Apr 13, 2007

The search war is over, Google has won, and I couldn't be happier

It's being widely reported that Google's share of the U.S. search market has climbed yet again.

This data is consistent with two points I've recently found. On the quantitative side, 6 weeks into the initial launch of Carmun, we' see that about 60% of the initial traffic has come from search engines, and of that search traffic close to 95% was delivered from Google search. On the qualitative side, prior to March we conducted numerous formal and informal focus groups at NYU, Tufts and Columbia. Overwhelmingly the students told us that Google was their starting point for Internet discovery. And by overwhelmingly I mean over 95% of these kids used Google exclusively for discovery.

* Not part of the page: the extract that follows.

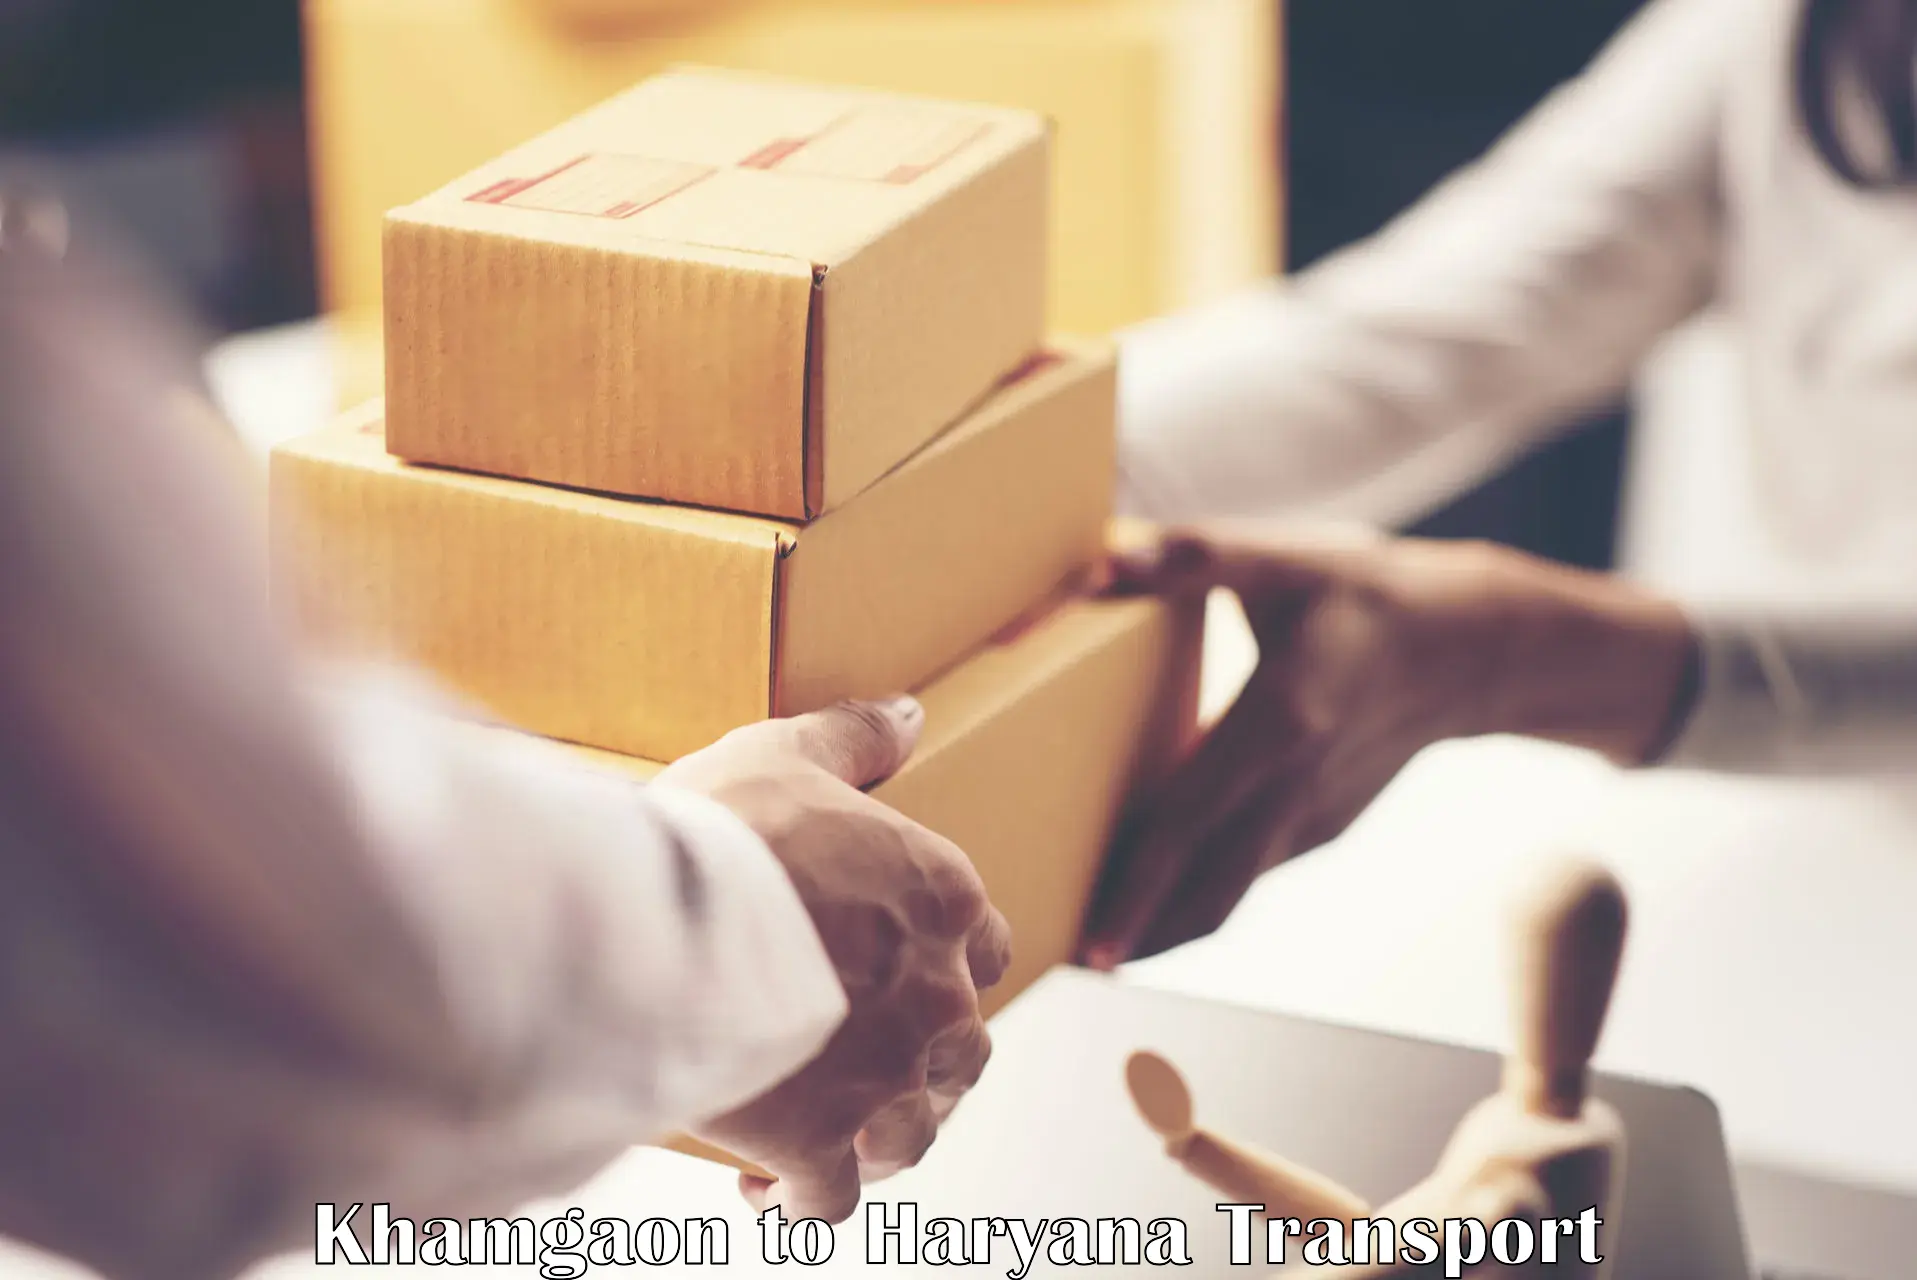 Cargo transportation services Khamgaon to Hansi
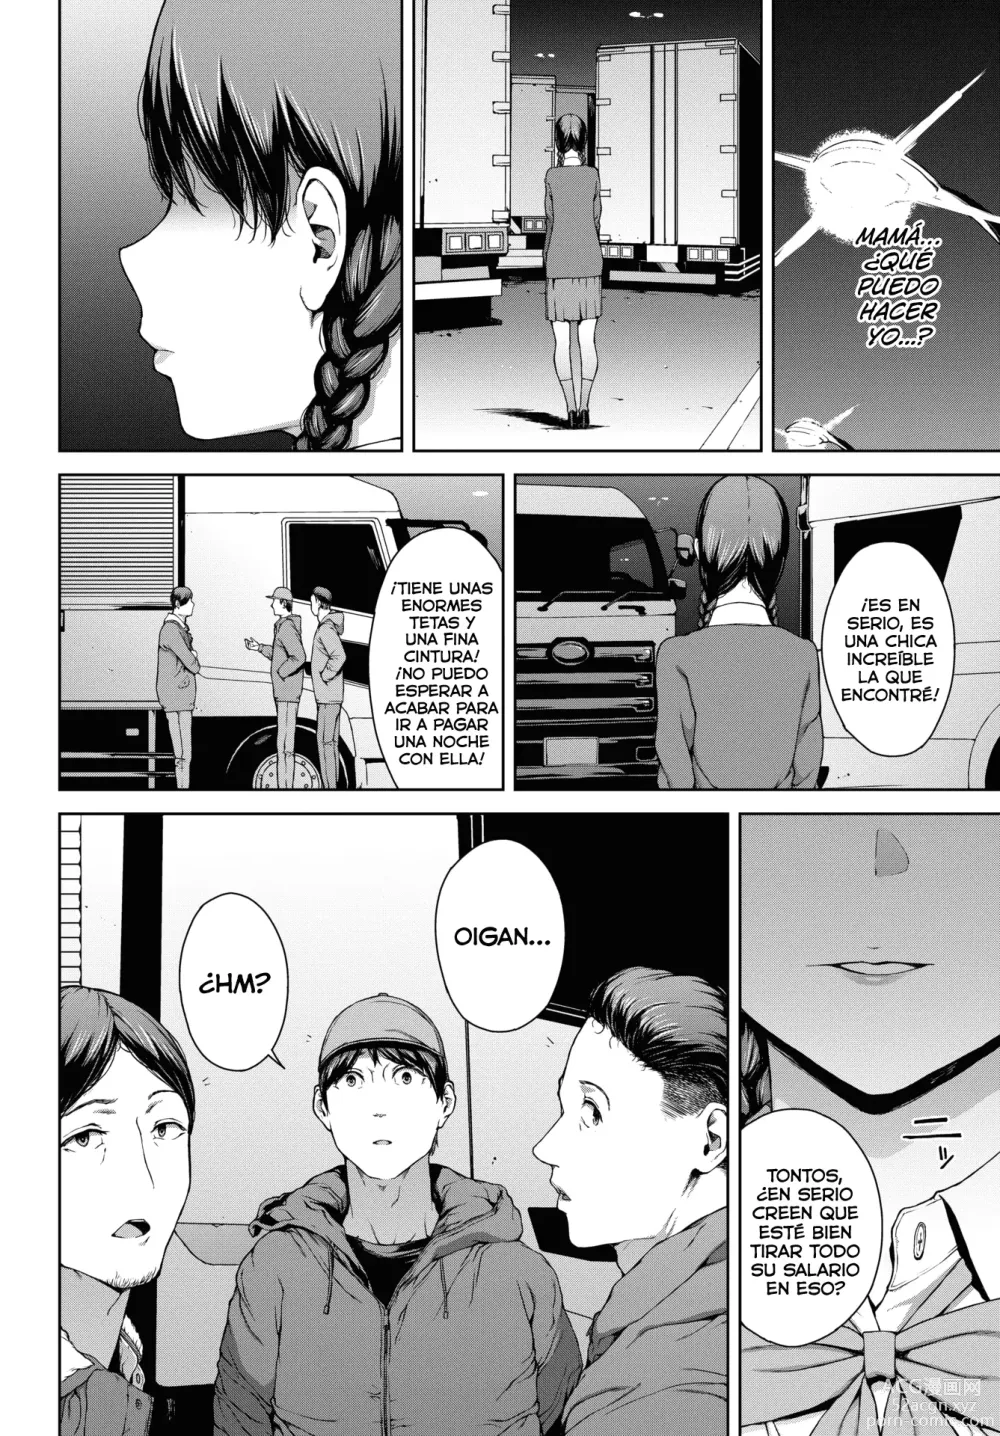 Page 6 of manga Yoriko 4

I therefore declare the U.S. search war to be over. Google has won and it is becoming the sole starting point for the delivery of web content and services. It won because it works really well for users and and incremental advances will not matter to users -- those doing to searching.

I'm totally thrilled with this development. This makes it that much easier to develop and deliver interesting web services. Google does an amazing job of searching through the raw data that is the web (the web as the database). However it is they do it, they are the best ever at providing relevance to search.

But Google does not provide context to search. And that is a vast, huge opportunity, because I believe the next stage of search innovation is about providing context on top of and utilizing Google's dominance relevance. Kind of like adding an application layer called Context on top of Google.

For example, in searching for a hotel in Puerto Rico, one of the top results is from tripadvisor, which delivers ratings, reviews, deals and related information to that search. In other words, it provides a layer of context on top of the original Google search.

Similarly, searching for Mud Coffee in New York (the best coffee there is), brings me results from yelp, 23 reviews, maps and a community. Again, context.

Finally, someone interested in Arthurian legends who searches for a summary of Lancelot and Guinevere might find their way to this project list on Carmun, where a user has put together their own compendium of 38 works related to this subject, with ratings, reviews, groups and a way to locate a work at a university library.

These three examples of context on top of Google results are powerful because they demonstrate the richness and variety that web applications can add to raw indexed data. Having one provider who excels at indexing that data and making it searchable, and having that provider deliver the vast majority of searches, actually makes it easier and more efficient for us service providers to add innovation -- context -- on top of the search.

For that reason I am thrilled that Google has won the search war.


Anonymous said...

Yep, everything that is going to be invented has been invented, theres nothing left to do. we can all just turn off our computers and go back to the real world now.